- Opening Delimiter -
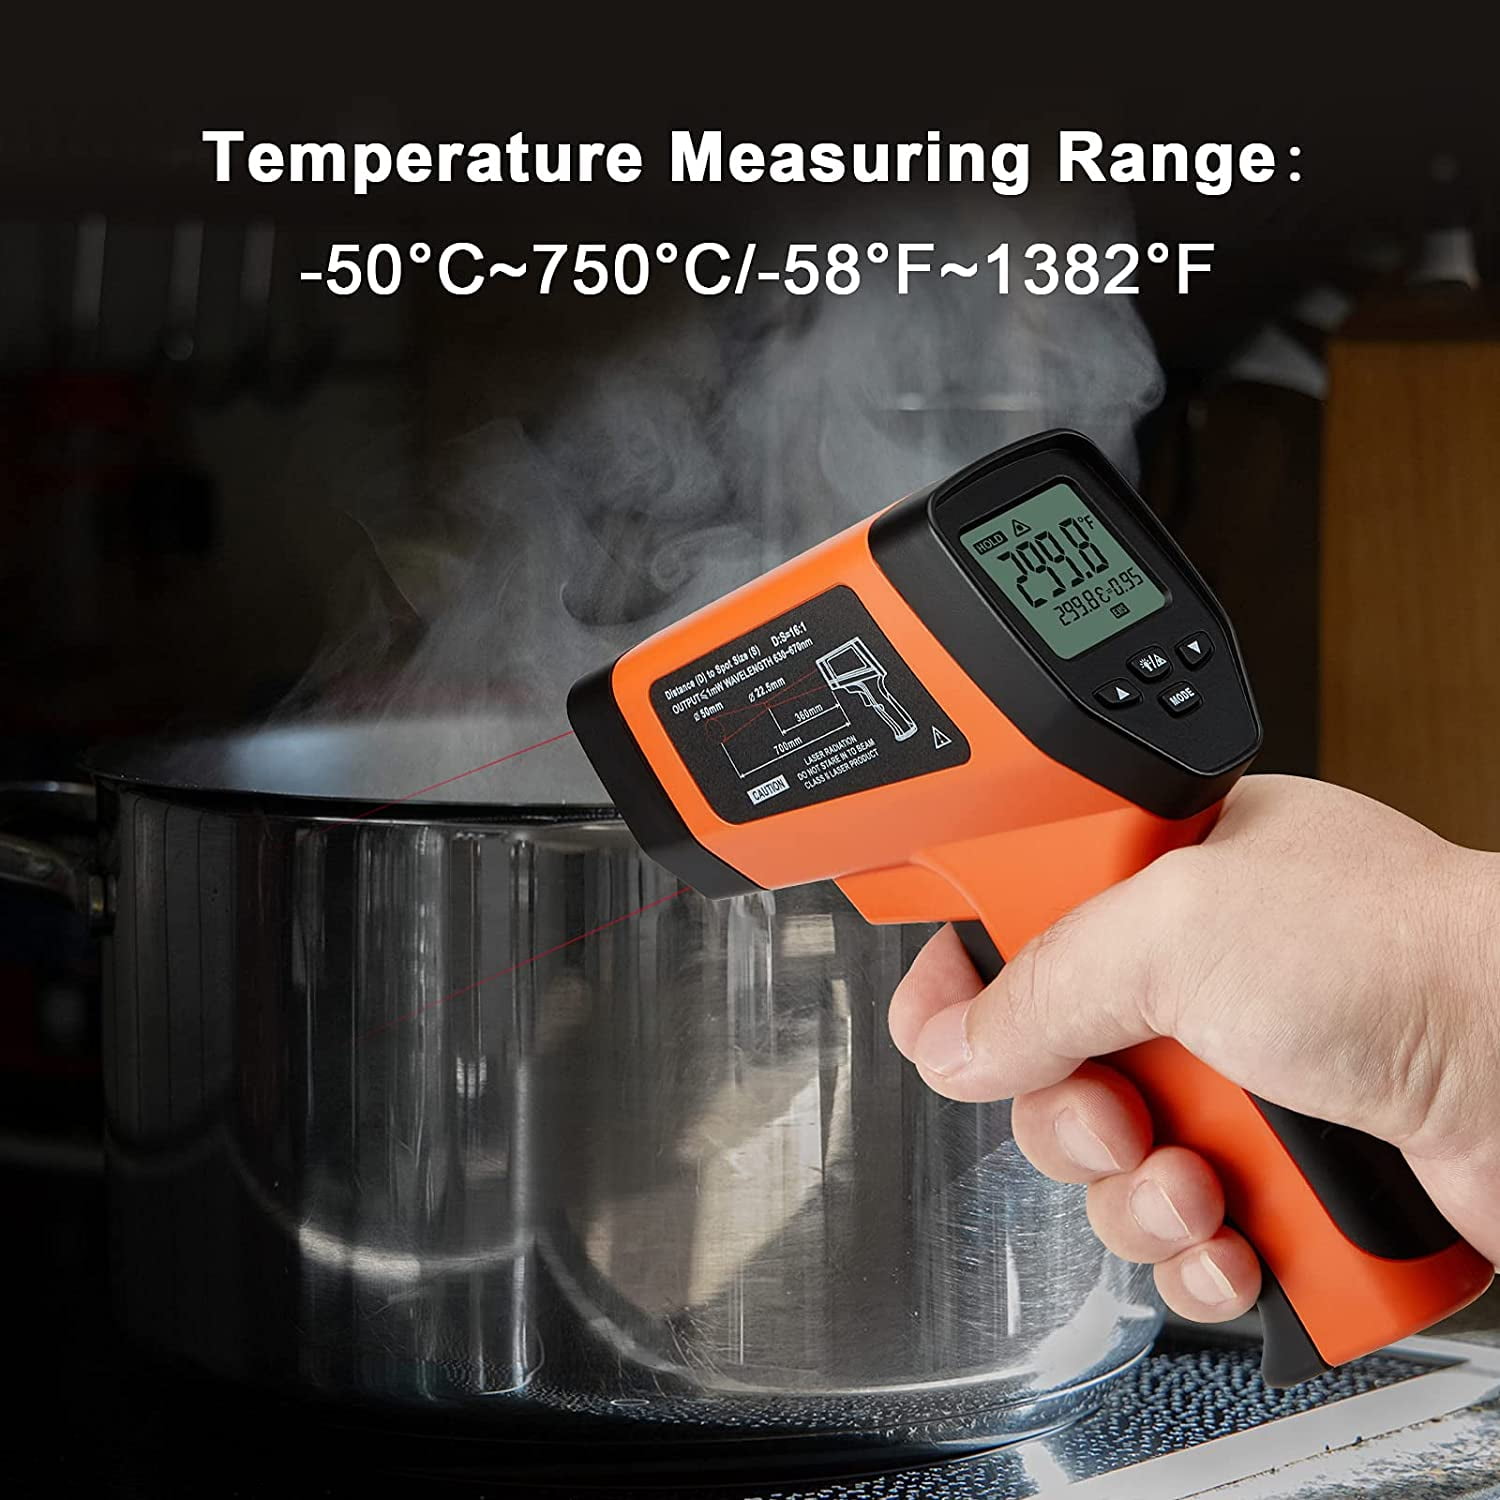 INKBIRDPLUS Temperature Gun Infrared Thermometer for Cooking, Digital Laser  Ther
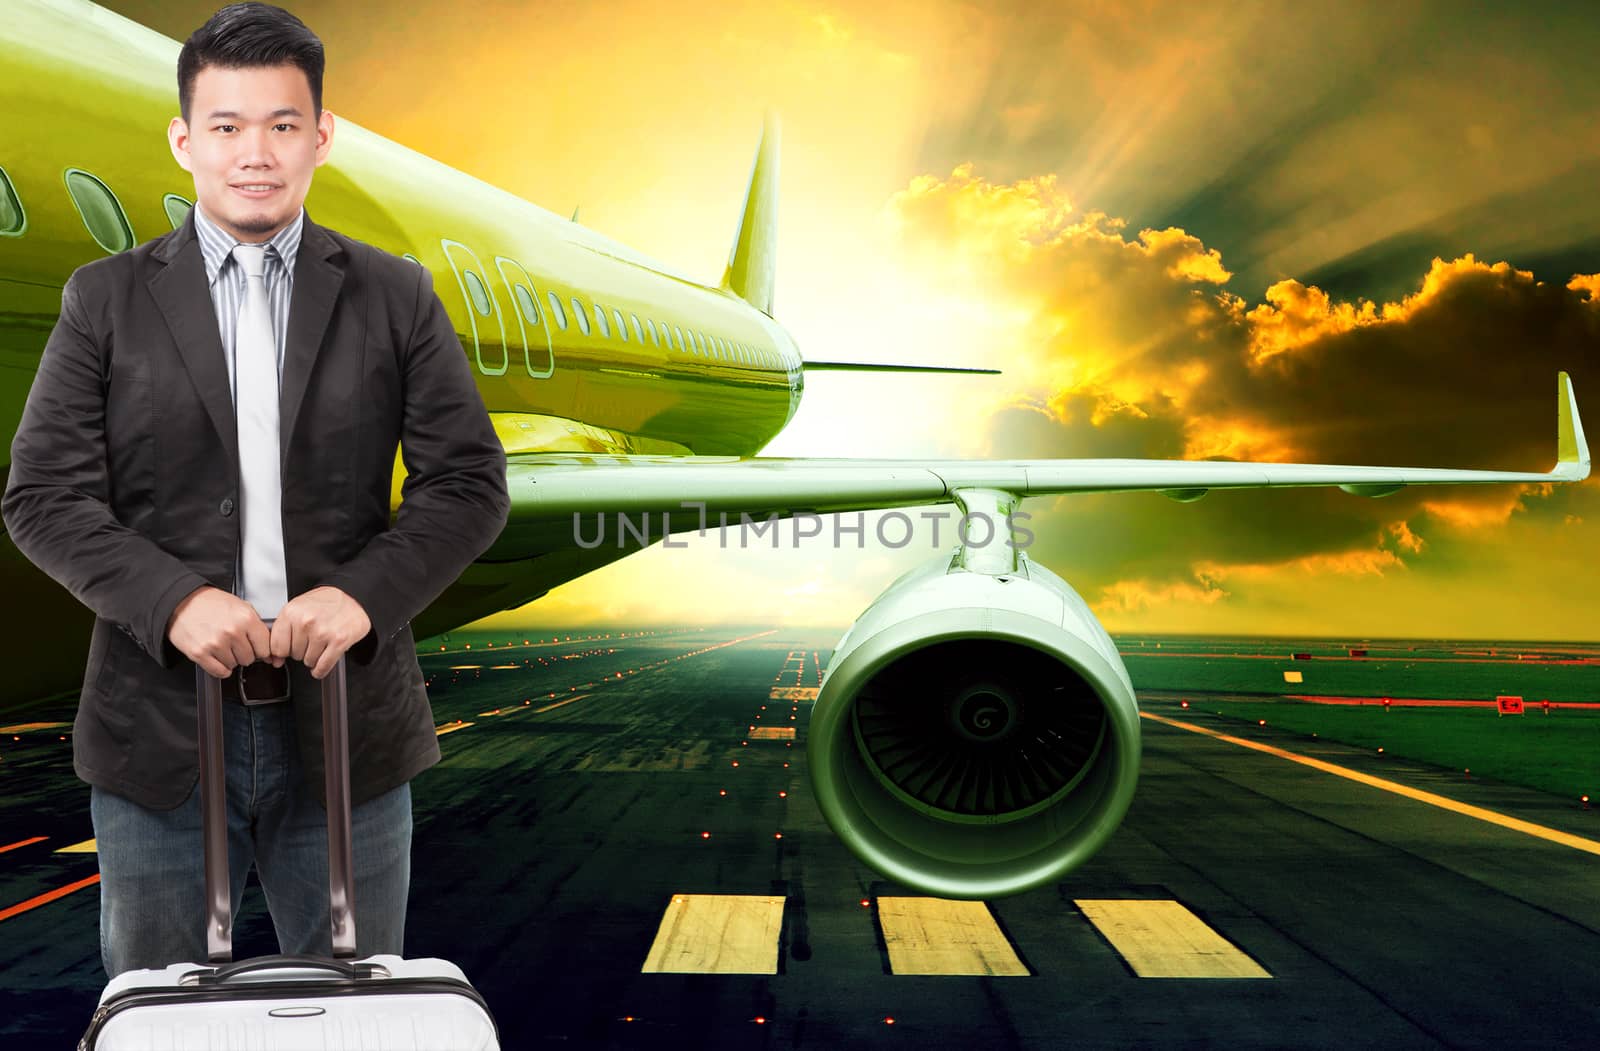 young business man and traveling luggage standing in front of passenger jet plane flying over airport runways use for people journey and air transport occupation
- Closing Delimiter -
- Opening Delimiter -
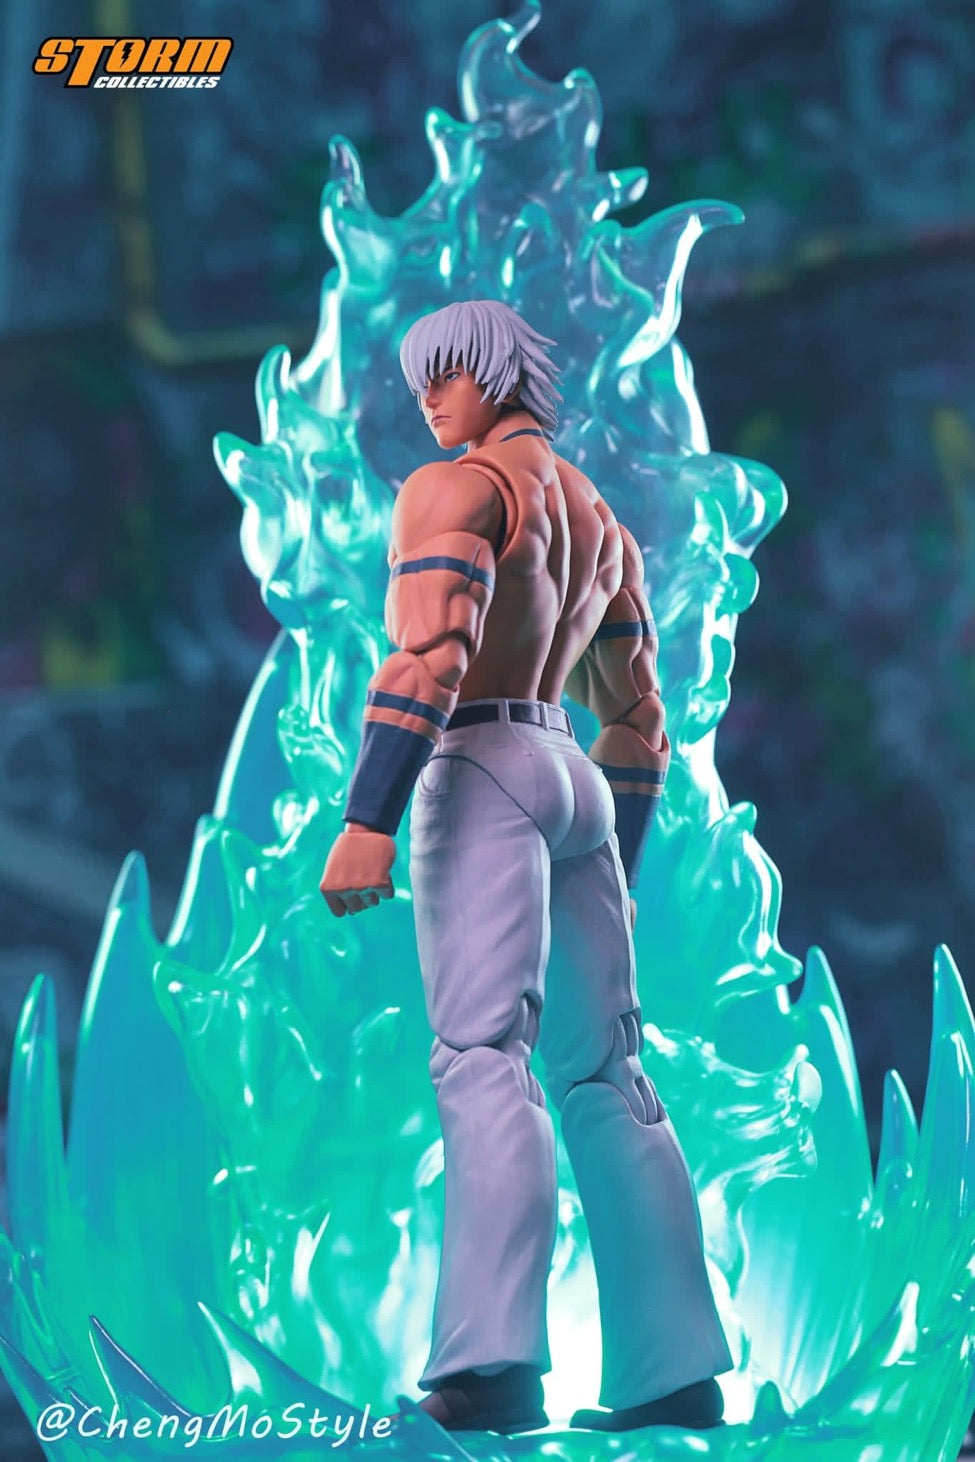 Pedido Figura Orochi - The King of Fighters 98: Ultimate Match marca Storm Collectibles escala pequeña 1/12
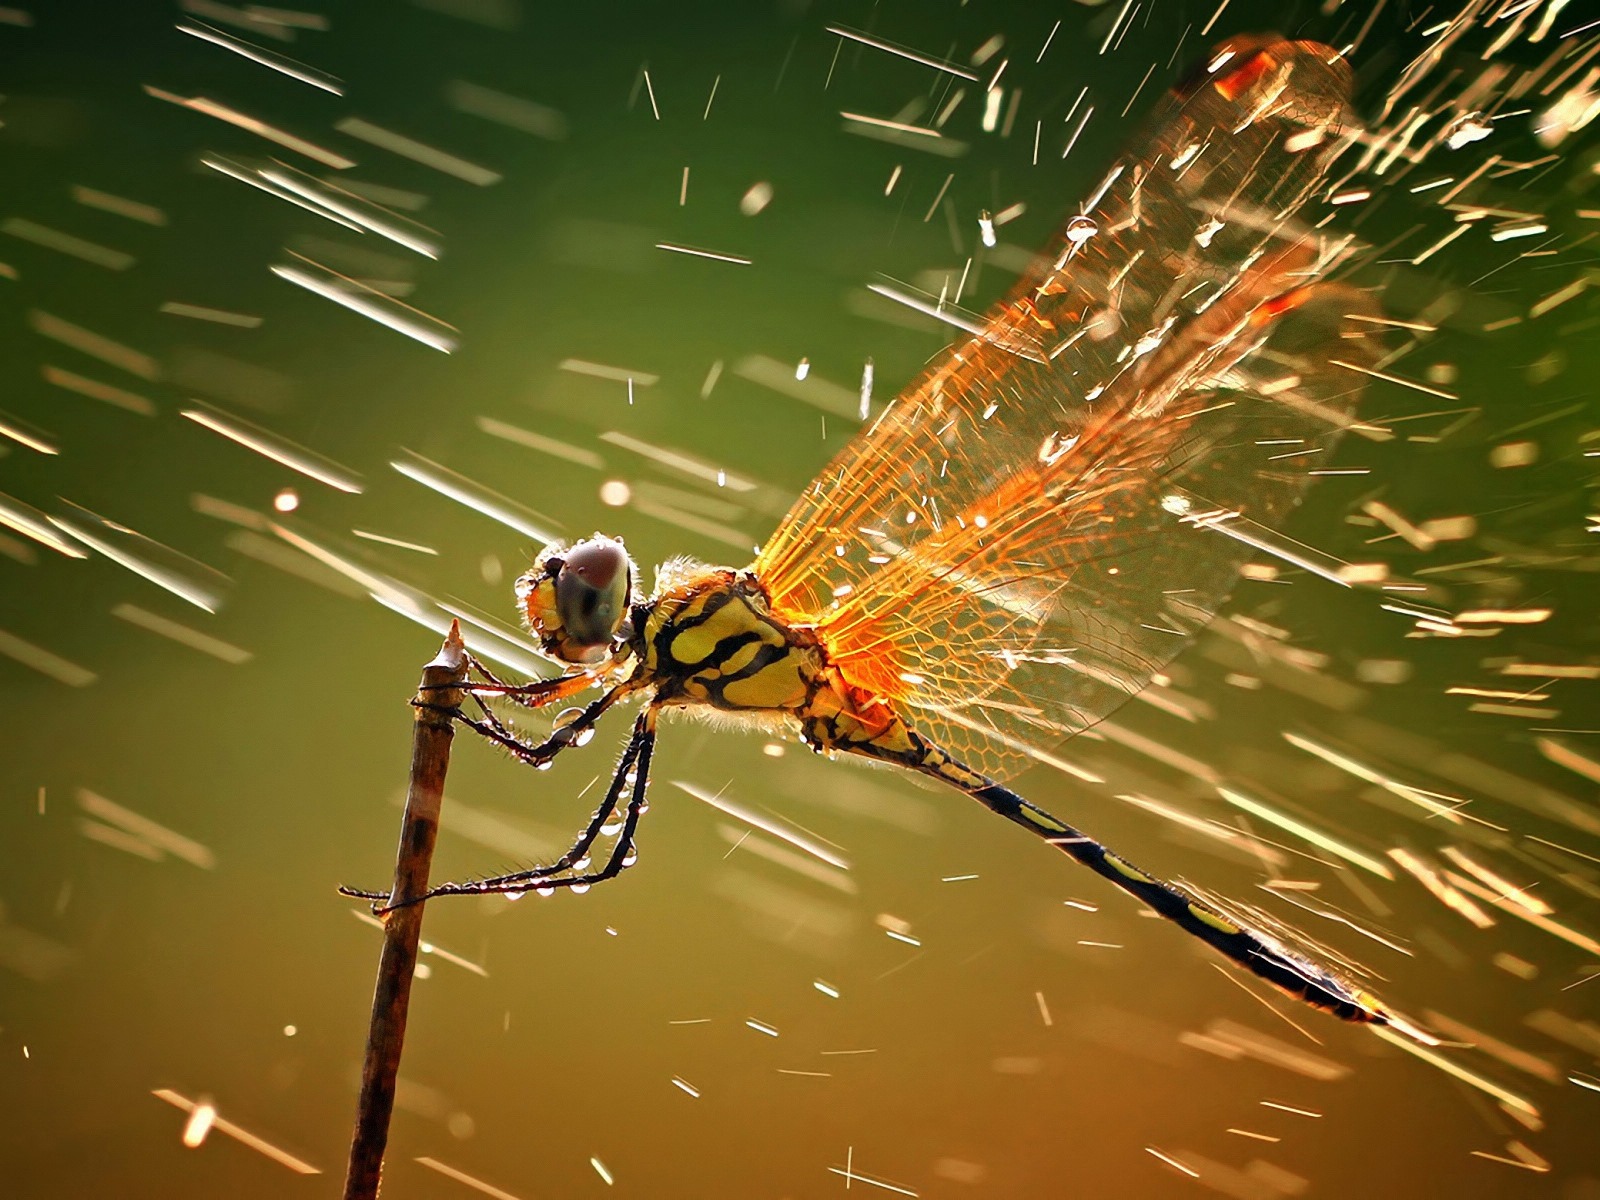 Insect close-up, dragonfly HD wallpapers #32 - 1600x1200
- Closing Delimiter -
▶ WORK INSTRUCTIONS:
In the listing above, find the line containing "Pedido Figura Orochi" and the line containing "Insect close-up, dragonfly", then output those two lines and everything between them exactly as written, without the images.

▶ REPLY TO THE EXERCISE:
 Pedido Figura Orochi - The King of Fighters 98: Ultimate Match marca Storm Collectibles escala pequeña 1/12
 Insect close-up, dragonfly HD wallpapers #32 - 1600x1200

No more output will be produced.